- Kharar Location in Punjab, India Kharar Kharar (India)
- Coordinates: 30°44′N 76°39′E﻿ / ﻿30.74°N 76.65°E
- Country: India
- State: Punjab
- District: Sahibzada Ajit Singh Nagar district
- Named for: Education Hub of Punjab

Government
- • Type: Municipal Council
- • Body: M.C. Kharar
- Elevation: 309 m (1,014 ft)

Language
- • Official: Punjabi
- • Native: Puadhi, Hindi
- Time zone: UTC+5:30 (IST)
- Pincode(s): 140301
- Area code: 0160
- Vehicle registration: PB-27
- Literacy: 72%

= Kharar, SAS Nagar =

Kharar is a town and a municipal council in Mohali district in the state of Punjab, India. It is nearby Mohali city. Kharar is located at and has an average elevation of 309 metres (1,014 feet). The area of Kharar is part of the "Greater Mohali" region.

A 1904 Punjab States Gazetteer lists Kharar among the Taoni Rajputs' chhats (principal villages).

==Demographics==

Close to 60% of the people in Kharar are Sikhs making it the second Sikh majority town in the Greater Mohali region after Mohali.

Kharar is a block situated in the Sahibzada Ajit Singh Nagar district in Punjab. Positioned in the urban region of Punjab, it is among the 4 blocks of Sahibzada Ajit Singh Nagar district. As per the government records, the block code of Kharar is 129. This block has 150 villages, and there are a total of 44,620 families.

The table below shows the population of different religious groups in Kharar city, as of 2011 census.

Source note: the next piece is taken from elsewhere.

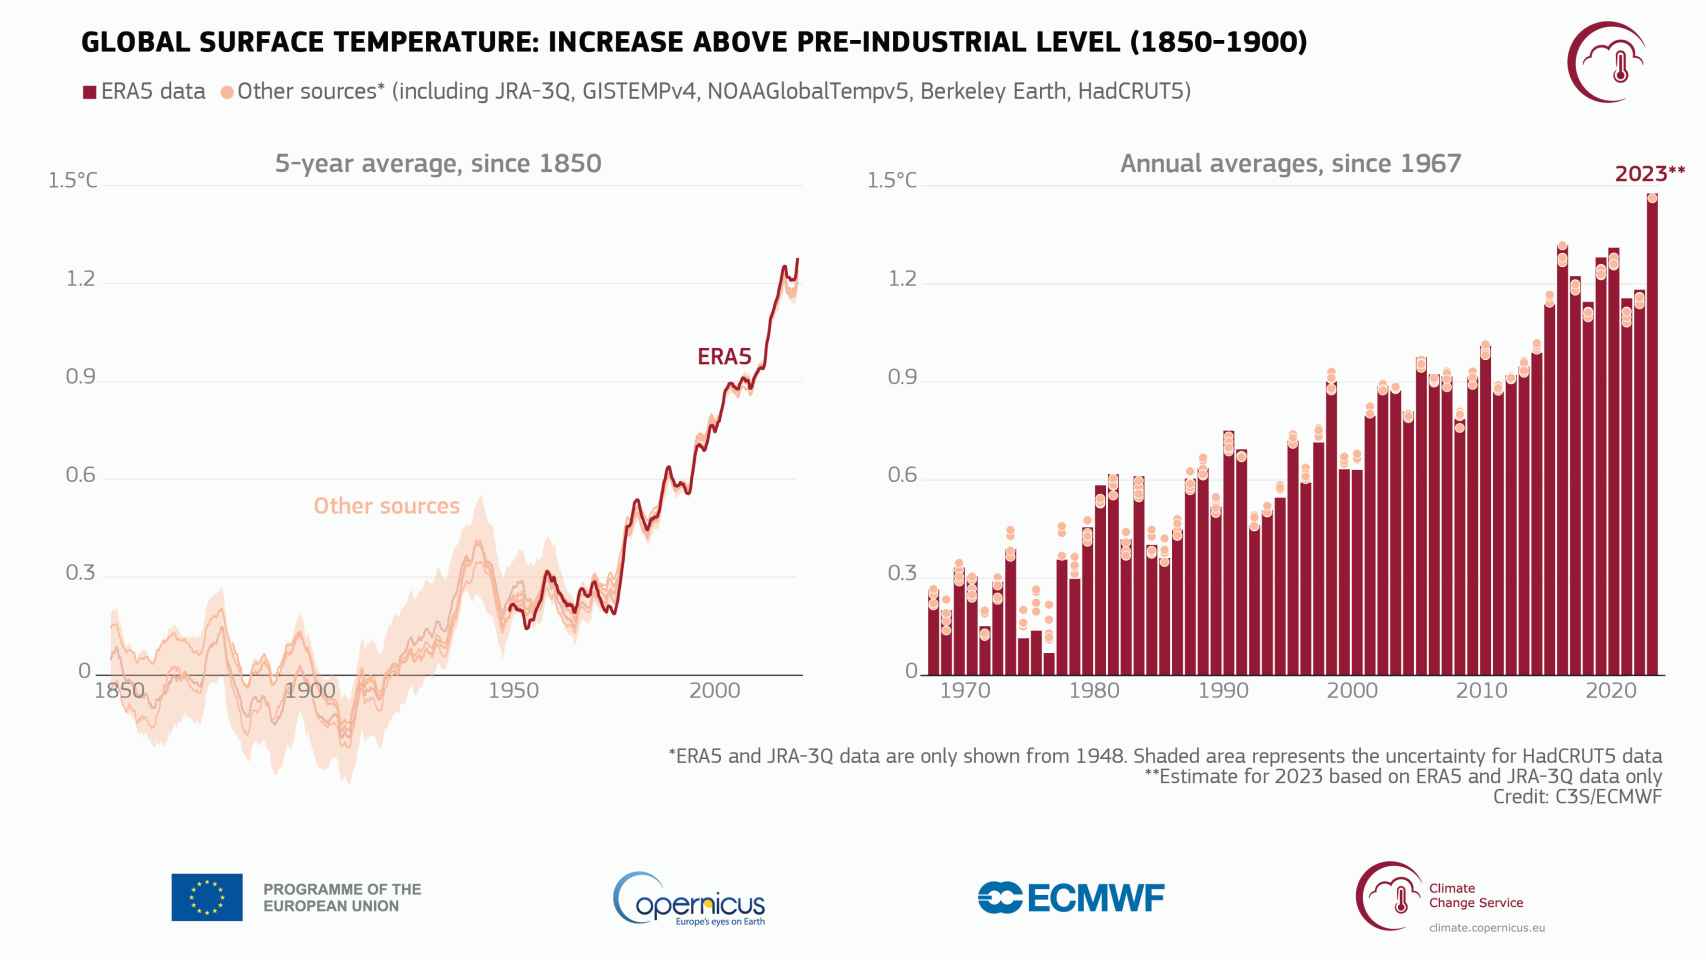 Aumento de la temperatura global del aire en la superficie (1) en relación con el promedio de 1850-1900, el período de referencia preindustrial designado, según varios conjuntos de datos de temperatura global mostrados como promedios de cinco años desde 1850 (izquierda) y como promedios anuales desde 1967 (derecha).

Population by religious groups in Kharar city, 2011 census
| Religion | Total | Female | Male |
|---|---|---|---|
| Sikh | 43,089 | 20,562 | 22,527 |
| Hindu | 29,092 | 13,603 | 15,489 |
| Muslim | 1,136 | 516 | 620 |
| Christian | 851 | 428 | 423 |
| Jain | 97 | 46 | 51 |
| Buddhist | 3 | 1 | 2 |
| Other religions | 3 | 1 | 2 |
| Not stated | 189 | 85 | 104 |
| Total | 74,460 | 35,242 | 39,218 |

==Education==
There are many educational institutions established from British Raj till post independence in Kharar.
- Christian Boys High School, Kharar was established in 1891 and was headed by principal RW Ryburn.
- Khalsa Senior Secondary School, Kharar was established in 1920
- Arya Senior Secondary School and Women College, Kharar was established in 1968 by Arya pratinidhi sabha, Jalandhar.
- Henderson Jubilee Senior Secondary School, Kharar was established in 1975.
- IPS Senior Secondary School, Badala Road Kharar
- Vikram Public High School, Ram Bagh Road, Kharar

Kharar also has many universities, engineering colleges and a dental college in its vicinity, such as:
- Rayat Bahra University, Sahauran
- Chandigarh University, Gharuan
- Chandigarh Group of Colleges, Landran and Jhanjheri
- Doaba Group of Colleges, Sahauran
- Shaheed Udham Singh College of Engineering & Technology, Tangori (Mohali)
- Government Polytechnic College, Khunimajra

==Medical testing==
Kharar has Punjab's only State Chemical Testing Laboratory which can perform viscera examination and a Forensic Laboratory, helpful for speedy justice in legal cases.
Kharar has its own government hospital as well. It is situated in the north end of the city.

==Commerce==
Virtuous Retail Punjab Mall (VR Punjab Mall) (formerly known as North Country Mall) in Kharar is one of the largest shopping malls with an area of 2 million sq ft.